A Look At 2015
By Christy Rasmussen-Ford
It’s officially time to release my extremely famous yearly predictions. By extremely famous, I mean that none of you even remember that I did them last year, do you? Regardless, after concentrating long and hard on my powerful Magic 8 ball, I can tell you with a solid 3-percent certainty that the following things may or may not happen in 2015;
Sometime very early in the year, it will be revealed that Mick Dodge is Edward Cullen in hiding. Mick (Edward) just wanted to be alone to do some soul searching after discovering that he was NOT the father of Bella’s baby. Jeff Burnside from KOMO News will break the story and it will be titled “Sanctuary of Sorrows on the Hoh.” No facts will be used, but dramatic music will be abundant.
In February, the radio station will move its headquarters to Neah Bay. The sports broadcasting schedule will not be affected by this move at all.
In April, after much political success in Forks, Bryon Monohon will announce his intentions to run for president. Sadly, his hopes will be dashed when a rumor surfaces that he IS the father of Bella’s baby. Monohon’s good name eventually will be cleared on “The Maury Show.” Unfortunately for him, it will be too little, too late. Kim Kardashian will win the election by a backside, I mean by a landslide.
Around June or so, Ron’s Shell Station temporarily will run out of mini-tacos. This will result in the entire community rioting and protesting all over town. OK, I will probably be the only one making a scene.
Late in summer, the city council will vote on an official Forks theme. This way, future buildings can be designed without anyone saying, “That building doesn’t fit our theme!” Weirdly enough, the council will choose Disney’s movie, “Frozen” as the theme.
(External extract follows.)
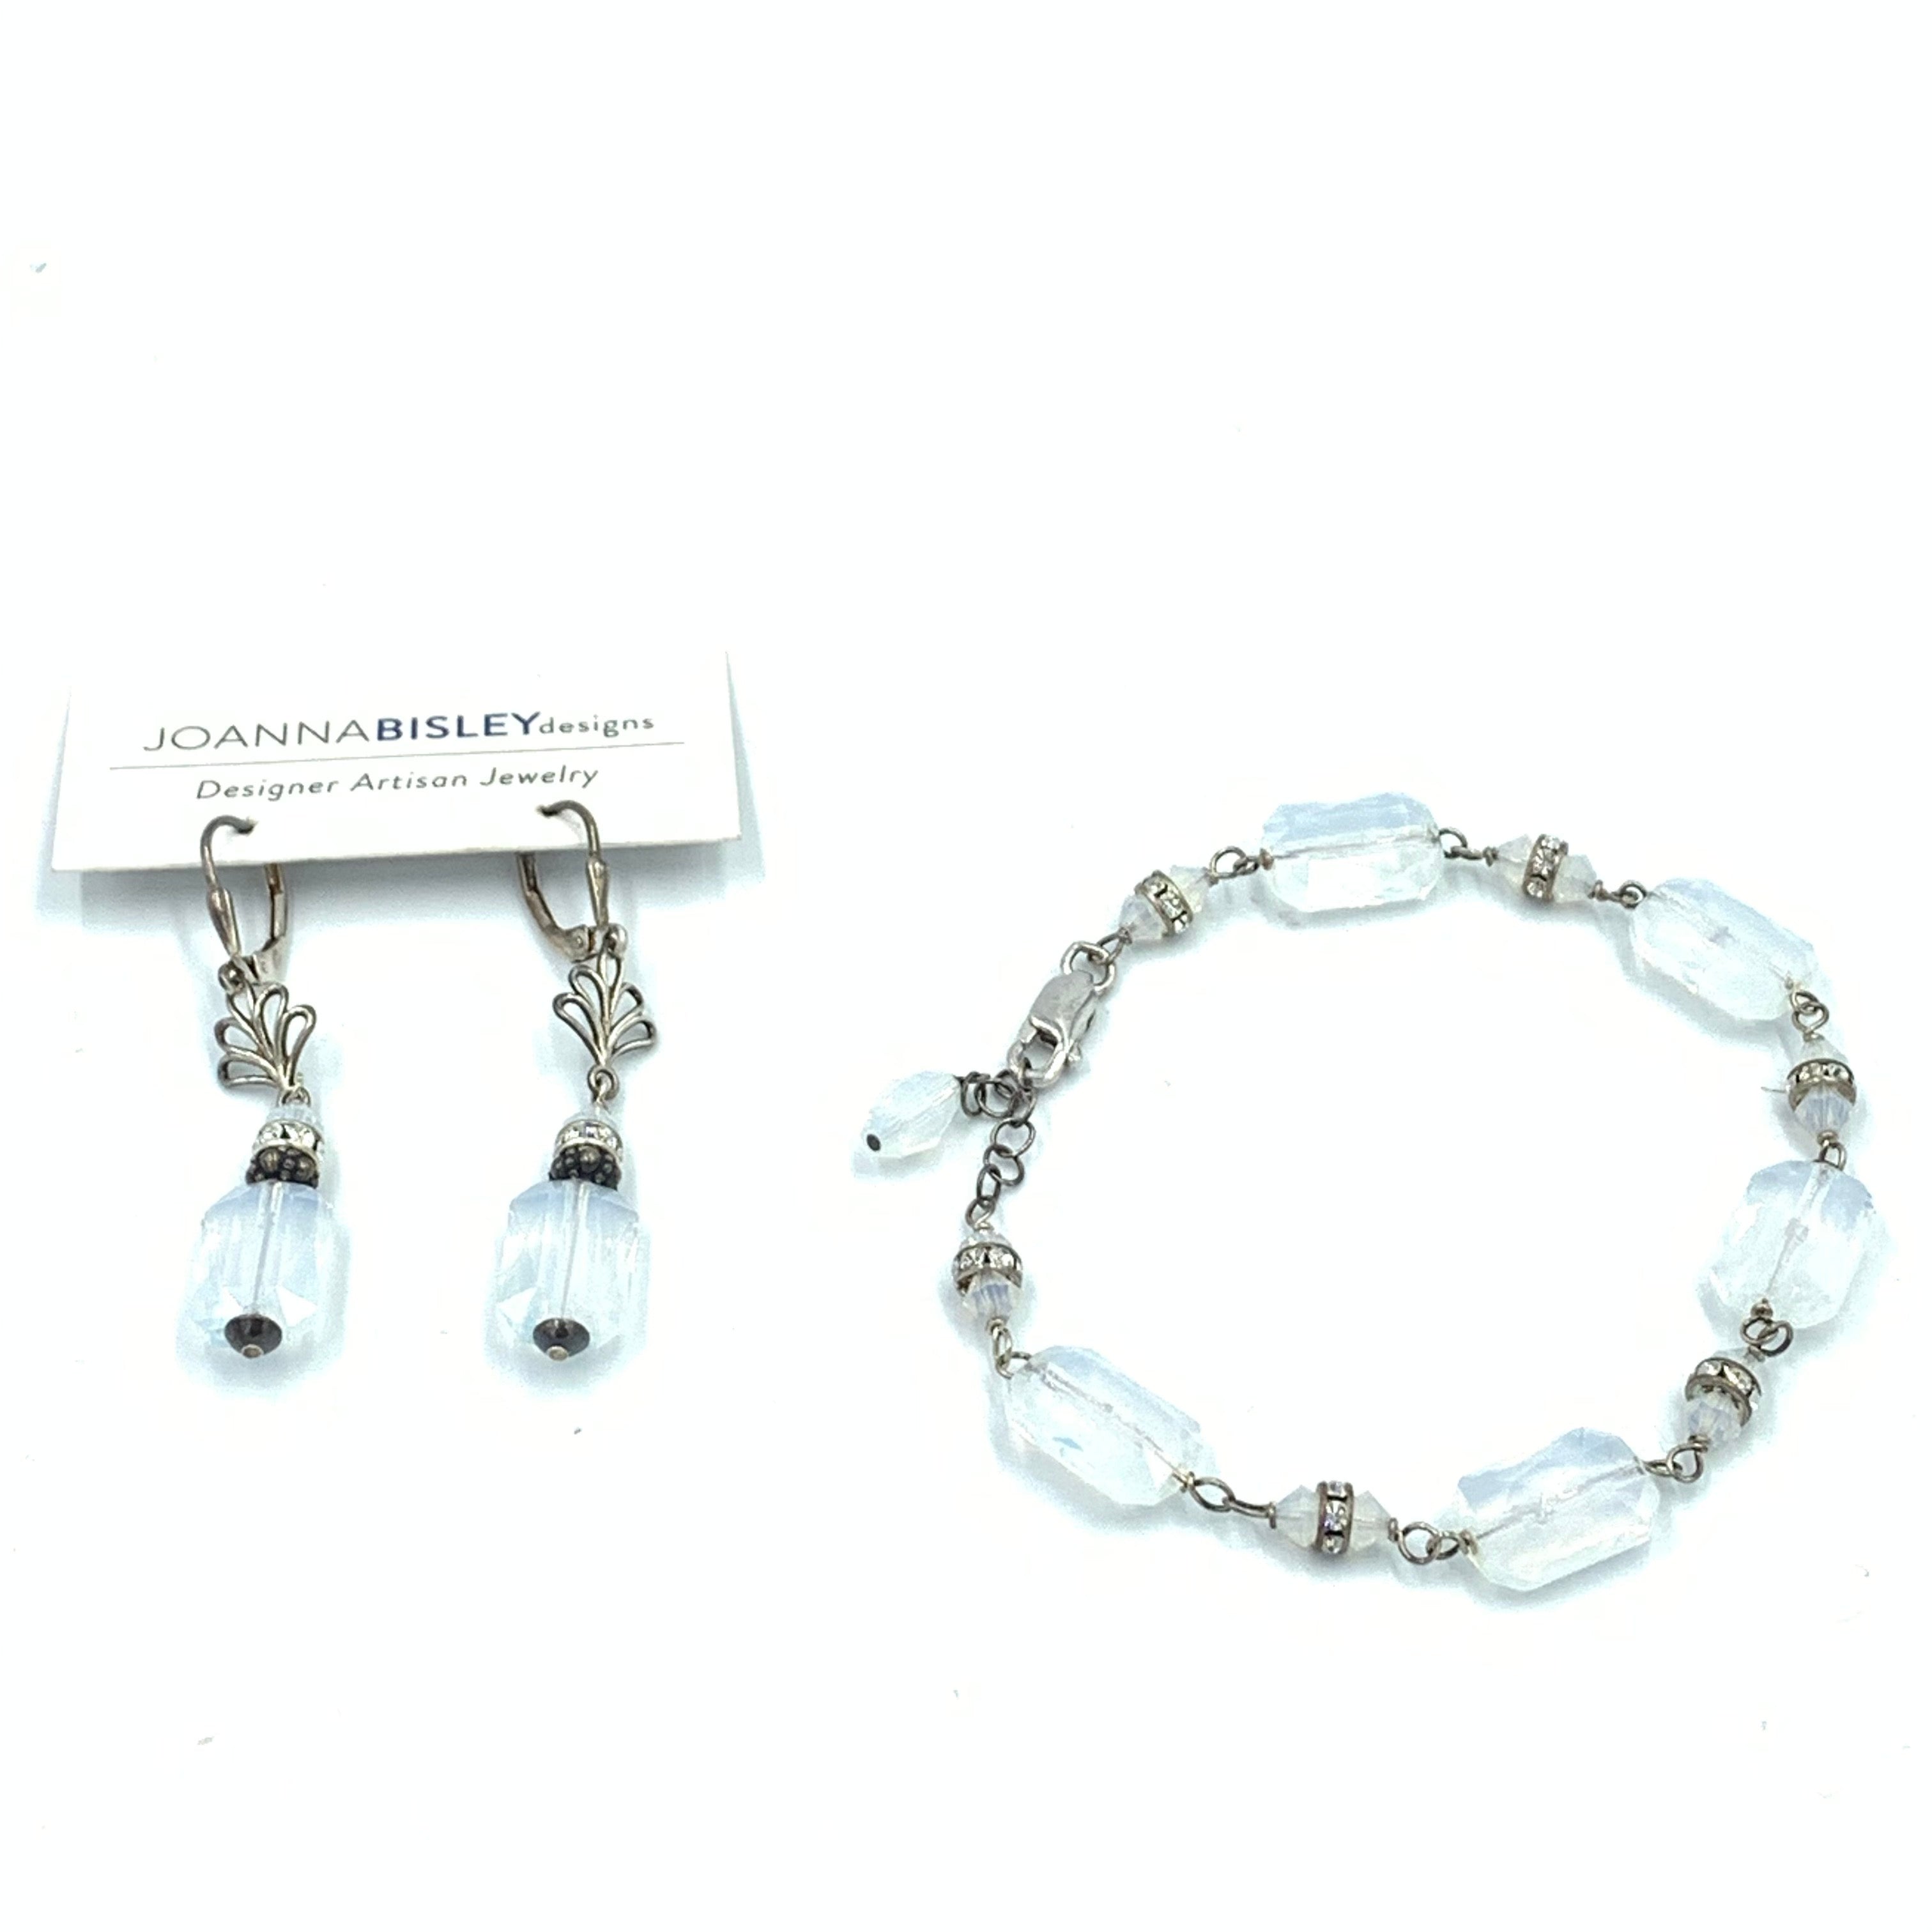 Joanna Bisley Swarovski Crystal Sterling Silver Bracelet B2307wc - 0

Everyone (other than 6 year old girls) will hate this idea, but the council will remain steadfast in its decision. Let it go …
The kids will return to school in September to learn that there is a pre-elementary school, a mid-elementary school, an almost-middle school, a middle-middle school, a right-before-senior-high school and a senior high school. The good news is that the drop-off lines will be much shorter at each school. The bad news is that a lot of parents will still use these drop-off lines incorrectly.
In the last few weeks of 2015, after realizing that only 3.5 people in the whole area support the idea, the Navy will publicly declare that they are going to cancel their electronic warfare plans. In a statement (posted only at the post office), the Navy will proclaim that they are going with the will of the people that live here. Ha ha, just kidding about that one.
All in all, it will be a very good year for all of us. Happy New Year!